> What is needed
Among the records below, how many lines contain the word "Shirt"? The answer is a single number.

> Extracted records

● ● ● ● ●

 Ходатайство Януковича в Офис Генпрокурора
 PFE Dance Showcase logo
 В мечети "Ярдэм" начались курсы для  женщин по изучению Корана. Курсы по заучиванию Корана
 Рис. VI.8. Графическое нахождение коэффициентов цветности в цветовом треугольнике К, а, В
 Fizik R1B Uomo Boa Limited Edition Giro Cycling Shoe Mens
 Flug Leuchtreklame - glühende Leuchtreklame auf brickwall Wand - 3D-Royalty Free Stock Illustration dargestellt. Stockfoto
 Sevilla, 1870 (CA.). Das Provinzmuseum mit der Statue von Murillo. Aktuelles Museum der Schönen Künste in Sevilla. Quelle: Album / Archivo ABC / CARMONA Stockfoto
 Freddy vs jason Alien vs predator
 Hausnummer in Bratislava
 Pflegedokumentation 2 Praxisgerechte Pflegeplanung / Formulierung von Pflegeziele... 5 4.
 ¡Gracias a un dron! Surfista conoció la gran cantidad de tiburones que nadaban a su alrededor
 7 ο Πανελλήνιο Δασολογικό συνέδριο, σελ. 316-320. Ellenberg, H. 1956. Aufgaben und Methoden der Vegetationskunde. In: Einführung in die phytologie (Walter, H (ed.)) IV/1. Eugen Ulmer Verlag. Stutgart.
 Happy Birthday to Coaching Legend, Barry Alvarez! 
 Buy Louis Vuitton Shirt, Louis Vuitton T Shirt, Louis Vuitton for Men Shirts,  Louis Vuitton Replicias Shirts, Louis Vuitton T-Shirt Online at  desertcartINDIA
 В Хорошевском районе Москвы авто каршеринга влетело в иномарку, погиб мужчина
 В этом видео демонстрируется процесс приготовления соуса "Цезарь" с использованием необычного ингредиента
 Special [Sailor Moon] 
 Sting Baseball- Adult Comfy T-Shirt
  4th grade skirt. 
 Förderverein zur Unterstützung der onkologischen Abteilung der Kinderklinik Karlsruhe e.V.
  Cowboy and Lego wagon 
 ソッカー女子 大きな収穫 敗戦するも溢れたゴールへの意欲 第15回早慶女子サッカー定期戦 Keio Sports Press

● ● ● ● ●

> Task answer
2